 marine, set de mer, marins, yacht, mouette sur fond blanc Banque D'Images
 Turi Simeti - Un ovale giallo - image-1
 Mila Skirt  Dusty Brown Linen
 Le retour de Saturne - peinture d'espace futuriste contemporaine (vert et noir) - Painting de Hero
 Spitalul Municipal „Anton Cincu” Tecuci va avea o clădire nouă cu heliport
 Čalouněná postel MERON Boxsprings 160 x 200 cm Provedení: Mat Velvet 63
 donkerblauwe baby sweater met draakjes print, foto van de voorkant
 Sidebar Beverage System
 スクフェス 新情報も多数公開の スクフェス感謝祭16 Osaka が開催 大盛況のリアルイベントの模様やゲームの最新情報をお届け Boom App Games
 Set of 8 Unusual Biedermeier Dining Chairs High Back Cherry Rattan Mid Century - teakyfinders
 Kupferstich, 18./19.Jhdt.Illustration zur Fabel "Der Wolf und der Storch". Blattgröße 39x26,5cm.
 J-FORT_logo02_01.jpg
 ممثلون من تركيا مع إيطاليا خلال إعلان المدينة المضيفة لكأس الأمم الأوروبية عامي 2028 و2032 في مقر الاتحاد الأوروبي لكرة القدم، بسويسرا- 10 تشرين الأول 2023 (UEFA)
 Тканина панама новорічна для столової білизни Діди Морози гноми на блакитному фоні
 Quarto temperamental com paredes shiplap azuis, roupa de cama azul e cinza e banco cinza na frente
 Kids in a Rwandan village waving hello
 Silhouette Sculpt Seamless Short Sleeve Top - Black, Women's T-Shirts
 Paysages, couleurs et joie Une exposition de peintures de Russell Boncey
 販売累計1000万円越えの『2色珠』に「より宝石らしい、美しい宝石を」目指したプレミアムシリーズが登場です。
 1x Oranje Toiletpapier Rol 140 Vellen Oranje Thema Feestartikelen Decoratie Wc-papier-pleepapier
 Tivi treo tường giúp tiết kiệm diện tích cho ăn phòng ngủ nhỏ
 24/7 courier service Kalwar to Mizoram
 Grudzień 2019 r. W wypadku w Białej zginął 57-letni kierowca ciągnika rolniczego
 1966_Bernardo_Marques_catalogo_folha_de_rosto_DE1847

=====

## Work order
The answer must be the line containing "Grudzień 2019 r." and every line after it to the end of the data, each set down exactly.

## The completed task
 Grudzień 2019 r. W wypadku w Białej zginął 57-letni kierowca ciągnika rolniczego
 1966_Bernardo_Marques_catalogo_folha_de_rosto_DE1847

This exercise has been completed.